GIVEN MATERIAL:
**********
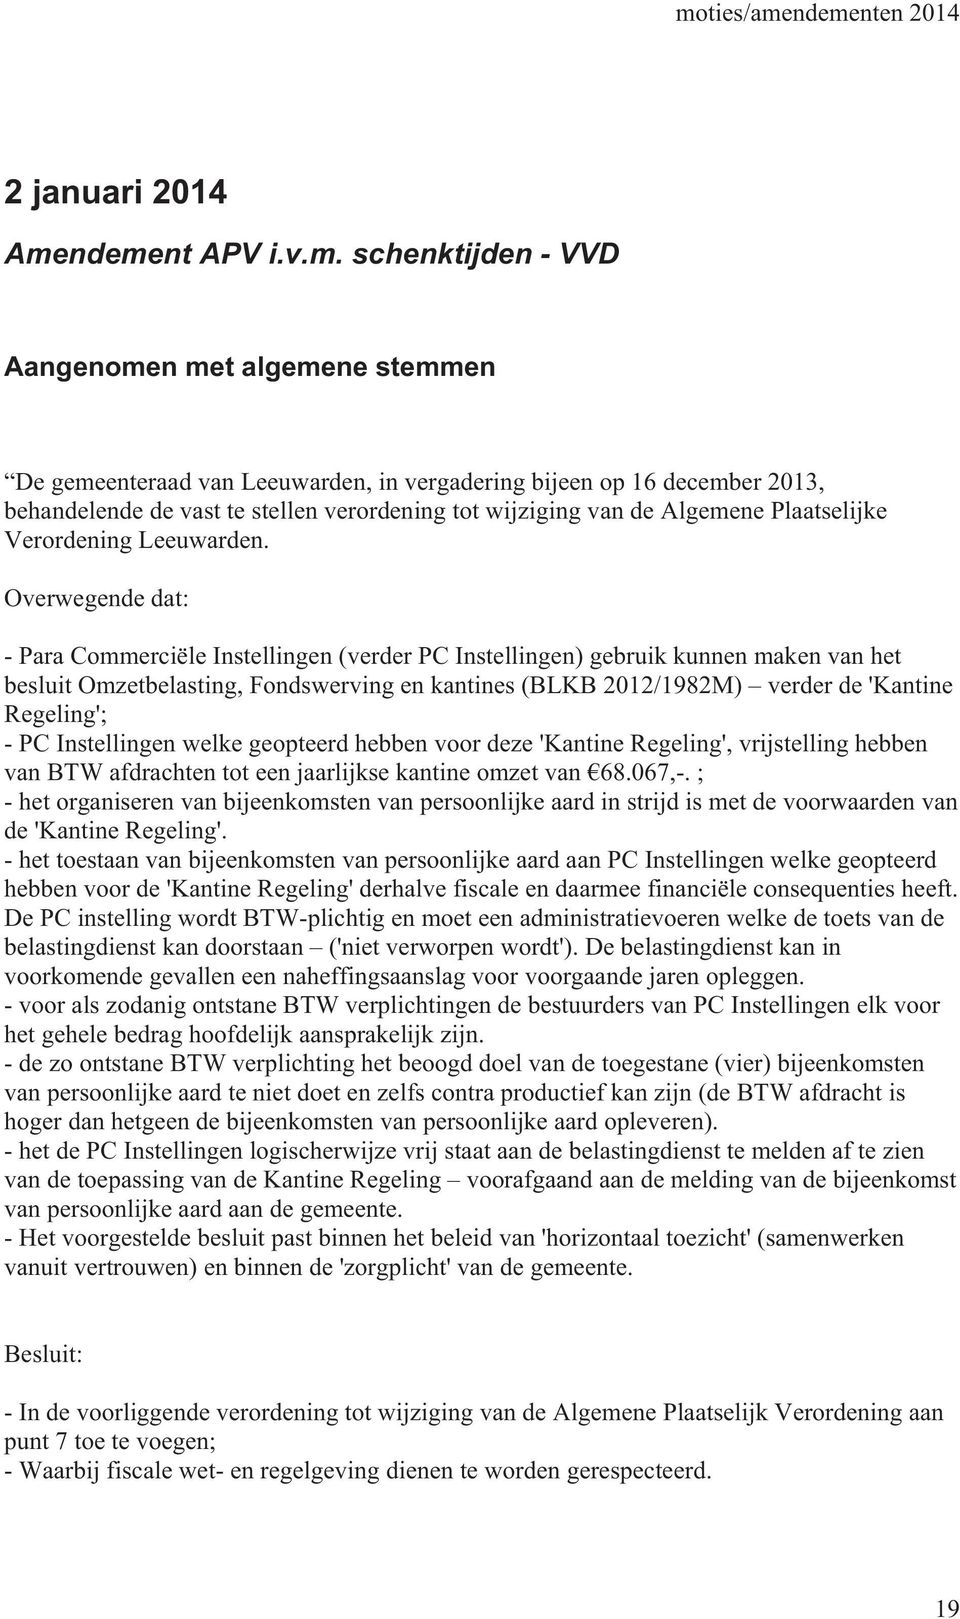 wijziging van de Algemene Plaatselijke Verordening Leeuwarden.
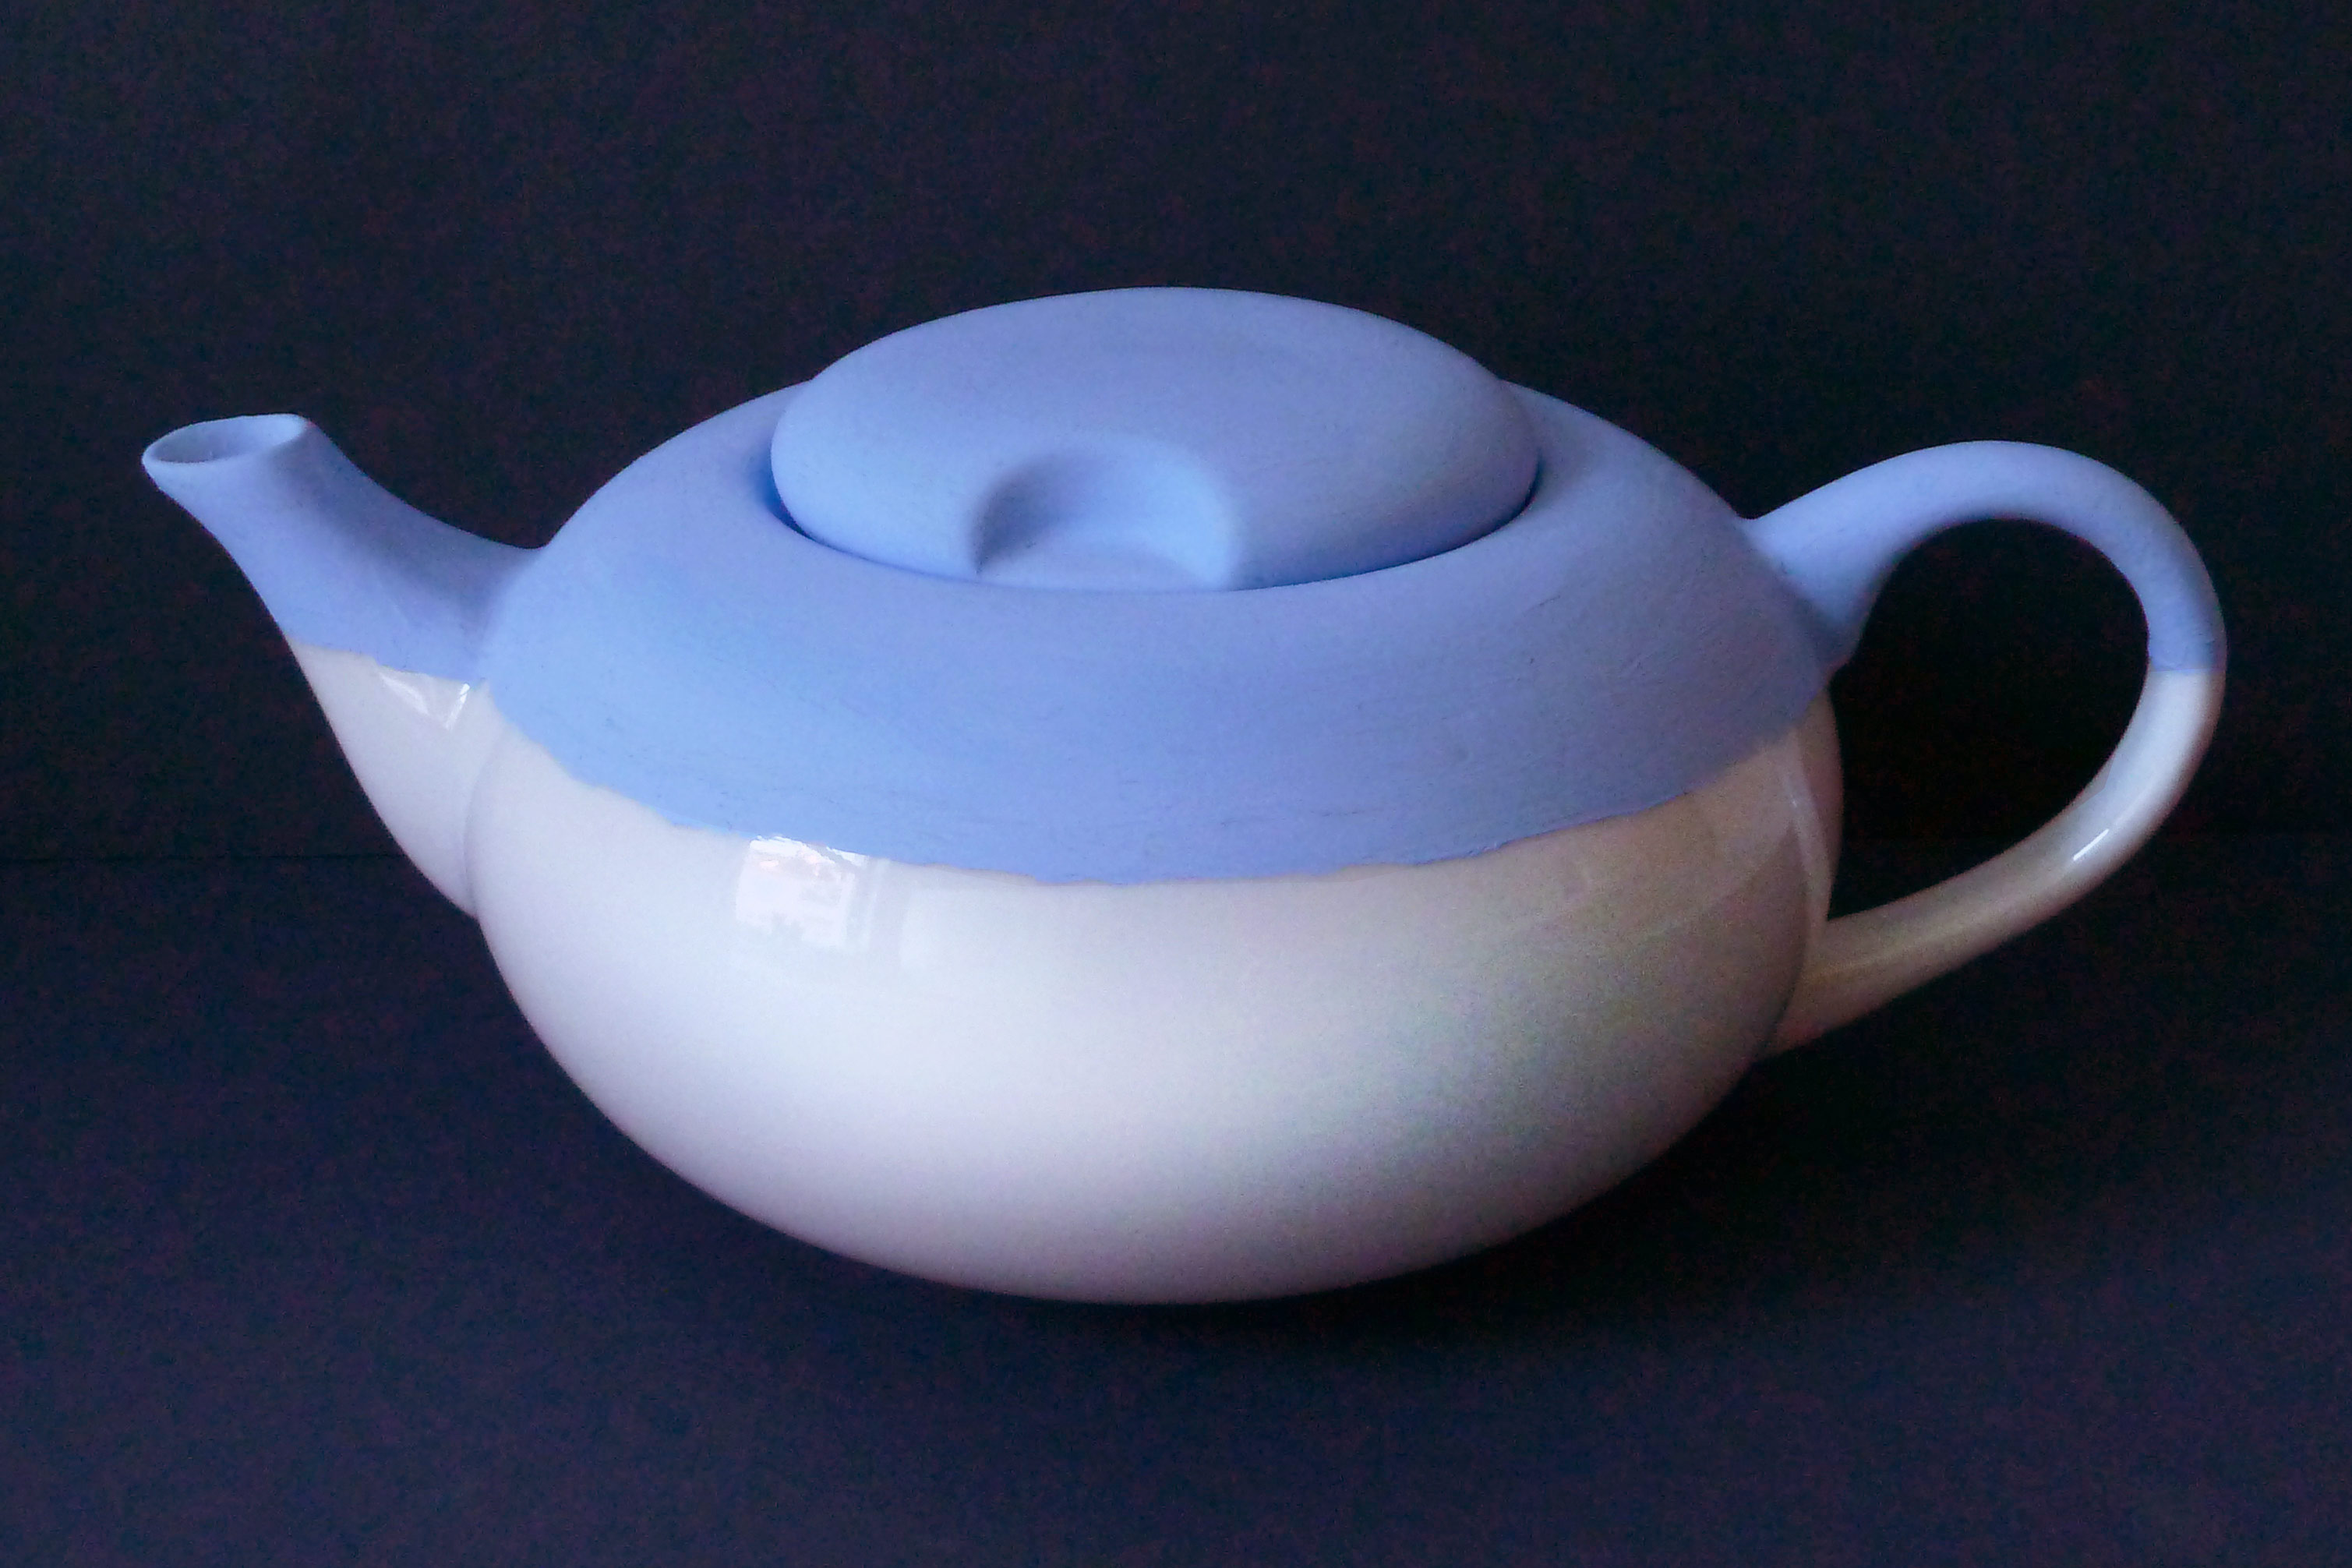 Blau weiß gestaltete Teekanne victim pot
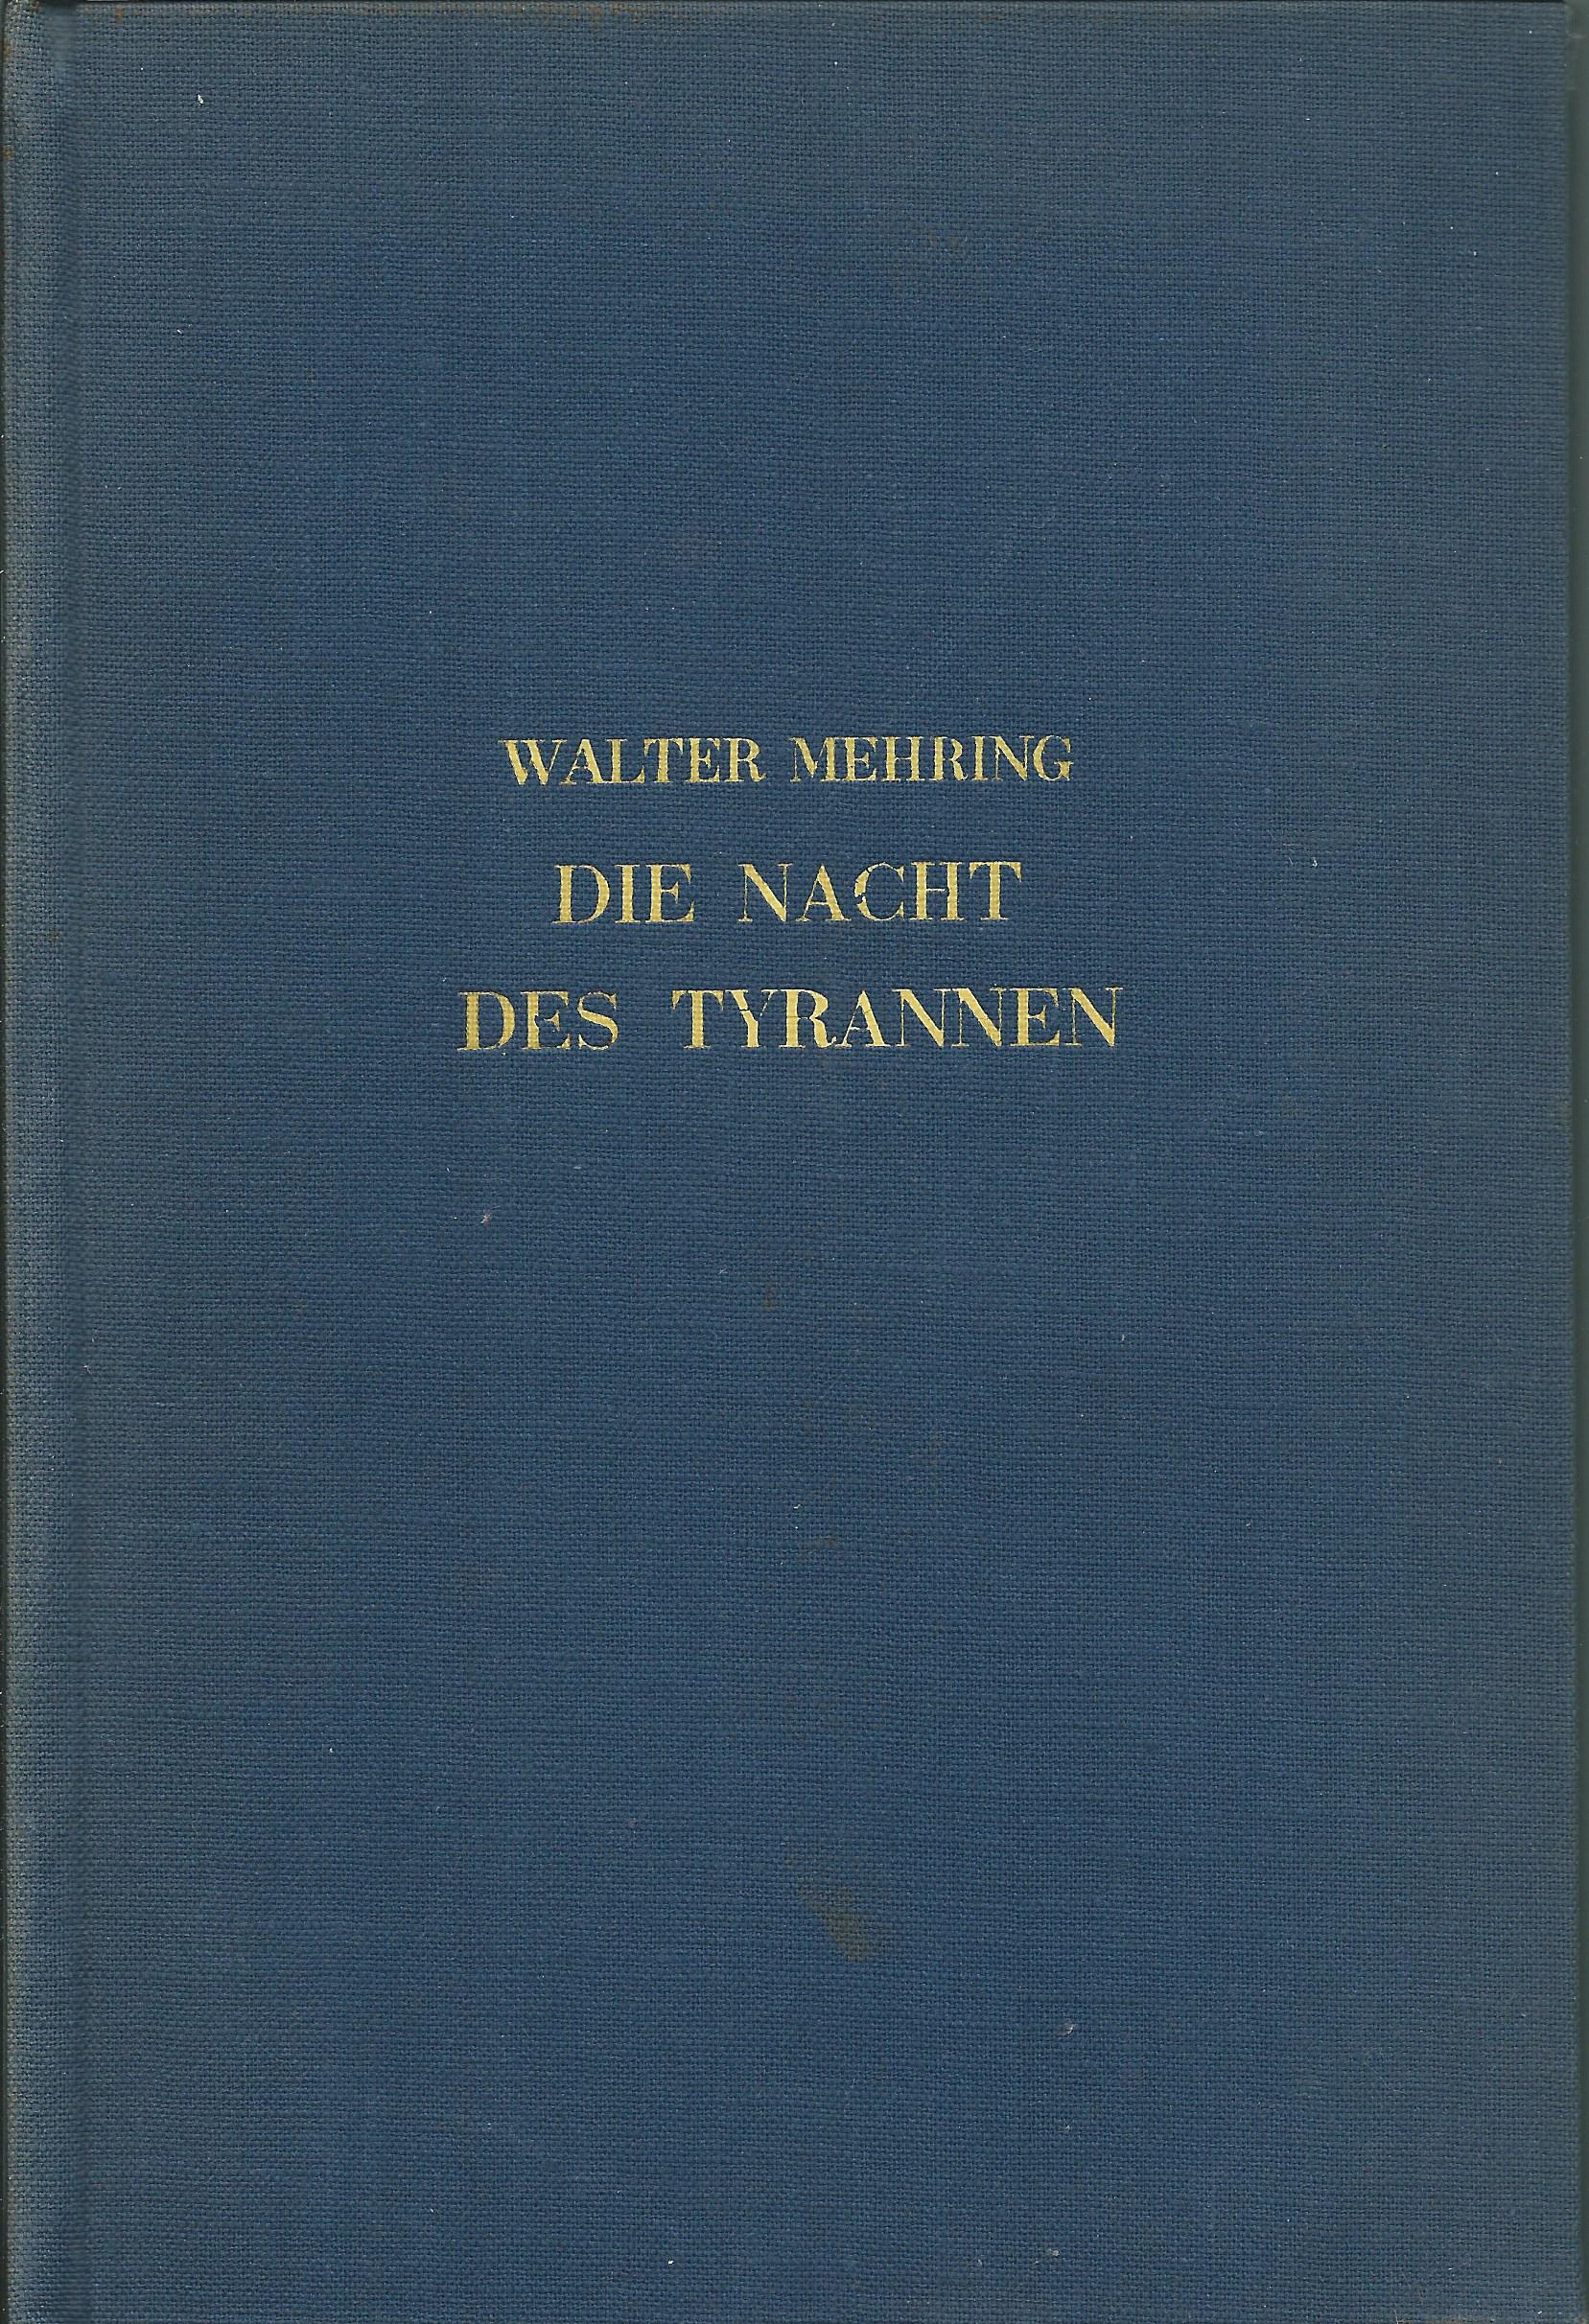 Die Nacht des Tyrannen (1937)
**********
REQUIRED WORK: Print the data again, word for word, without any pictures.

WRITTEN REPLY:
 wijziging van de Algemene Plaatselijke Verordening Leeuwarden.
 Blau weiß gestaltete Teekanne victim pot
 Die Nacht des Tyrannen (1937)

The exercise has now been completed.